The role of mesh quality and mesh quality indicators in the virtual element method

• Published in: Advances in computational mathematics Vol. 48; no. 1
• Main Authors: Sorgente, T., Biasotti, S., Manzini, G., Spagnuolo, M.
• Format: Journal Article
• Language: English
• Published: New York Springer US 01.02.2022; Springer Nature B.V
• Subjects: Computational mathematics; Computational Mathematics and Numerical Analysis; Computational Science and Engineering; Convergence; Finite element method; Mathematical and Computational Biology; Mathematical Modeling and Industrial Mathematics; Mathematics; Mathematics and Statistics; Norms; Optimization; Regularity; Visualization; Mesh quality indicators; 65N12; Mesh regularity assumptions; 2D Poisson problem; Polygonal mesh; 65N50; Optimal convergence; 68U05; Virtual element method; 65N30; Small edges
• ISSN: 1019-7168; 1572-9044
• DOI: 10.1007/s10444-021-09913-3

Since its introduction, the virtual element method (VEM) was shown to be able to deal with a large variety of polygons, while achieving good convergence rates.

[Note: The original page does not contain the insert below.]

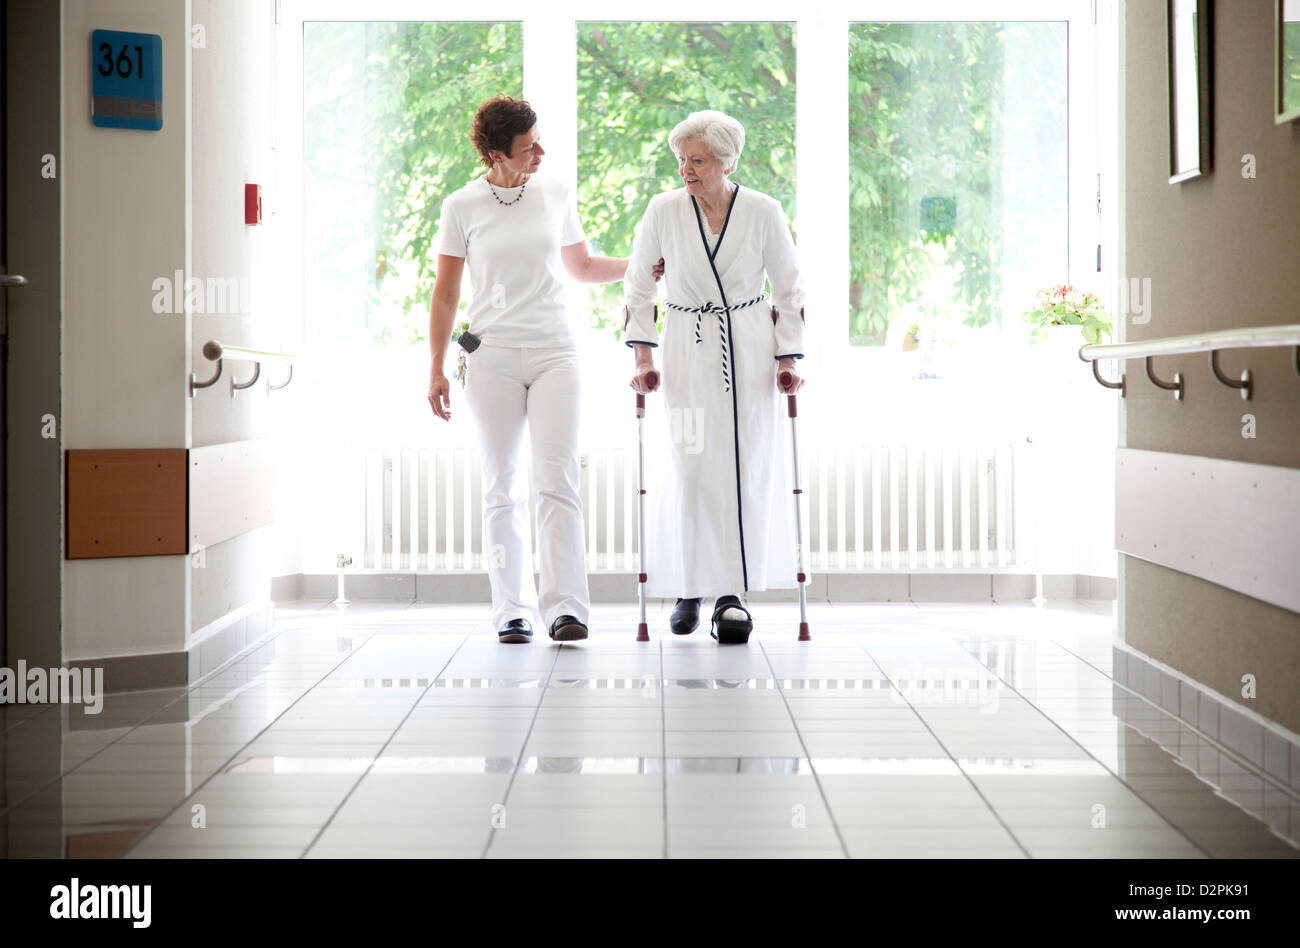 Essen, Germany, physiotherapy in hospital Stock Photo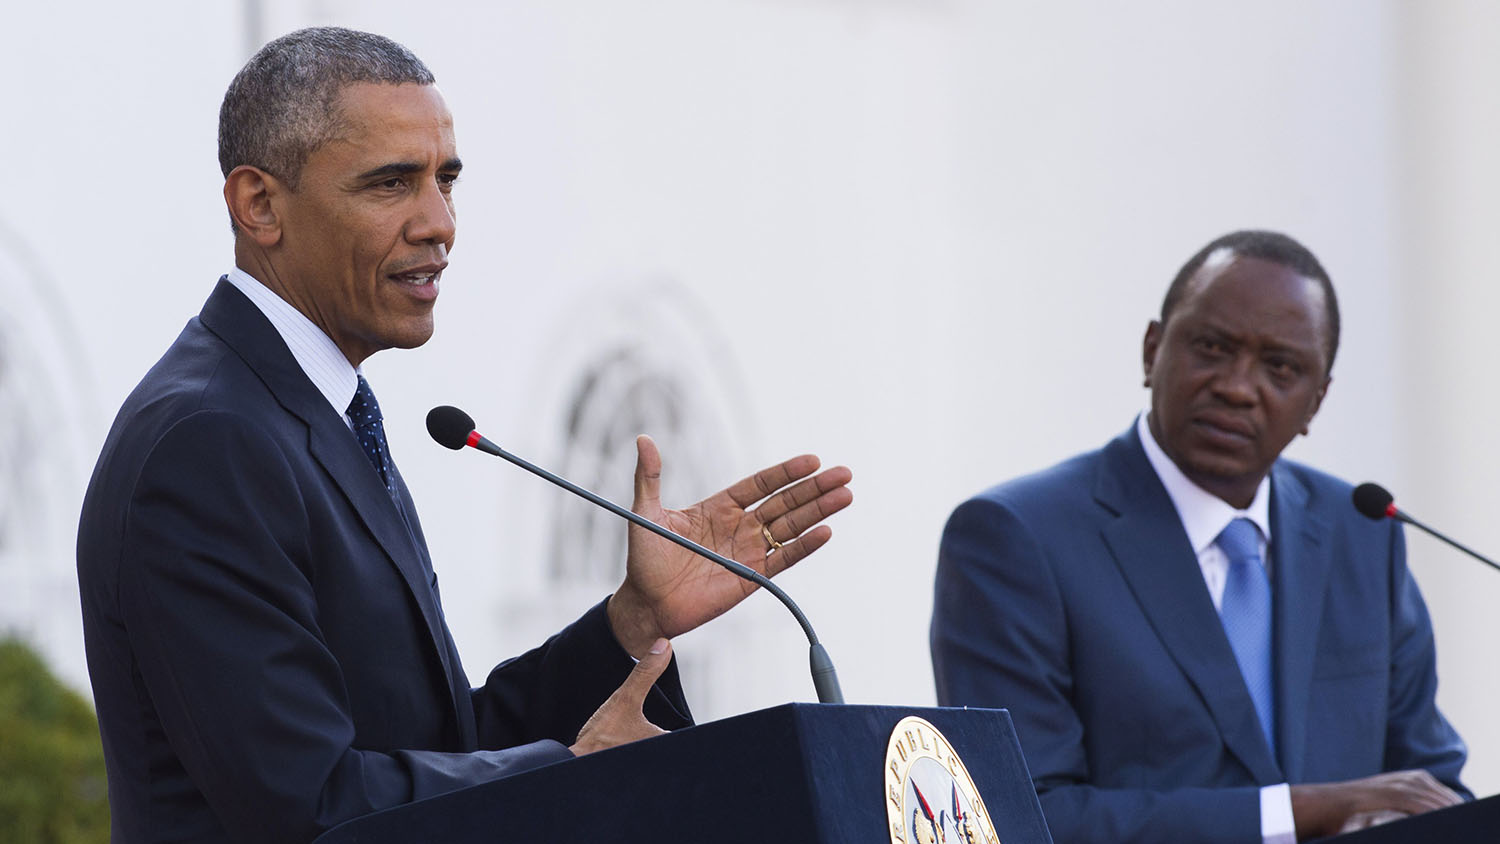 US President Barack Obama (L) and his Kenyan counterpart Uhuru Kenyatta give a joint press conference afteir their talks at the State House in Nairobi on July 25, 2015. In a joint press conference after talks with Kenyan President Uhuru Kenyatta, Obama pushed a tough message on Kenyan corruption, the civil war in South Sudan, controversial elections in Burundi and the fight against Somalia's Al-Qaeda-affiliated Shebab militants. AFP PHOTO / SAUL LOEB (Photo credit should read SAUL LOEB/AFP/Getty Images)

The regularity assumptions proposed in the VEM literature to guarantee the convergence on a theoretical basis are therefore quite general. They have been deduced in analogy to the similar conditions developed in the finite element method (FEM) analysis. In this work, we experimentally show that the VEM still converges, with almost optimal rates and low errors in the L 2 , H 1 and L ∞ norms, even if we significantly break the regularity assumptions that are used in the literature. These results suggest that the regularity assumptions proposed so far might be overestimated. We also exhibit examples on which the VEM sub-optimally converges or diverges. Finally, we introduce a mesh quality indicator that experimentally correlates the entity of the violation of the regularity assumptions and the performance of the VEM solution, thus predicting if a mesh is potentially critical for VEM.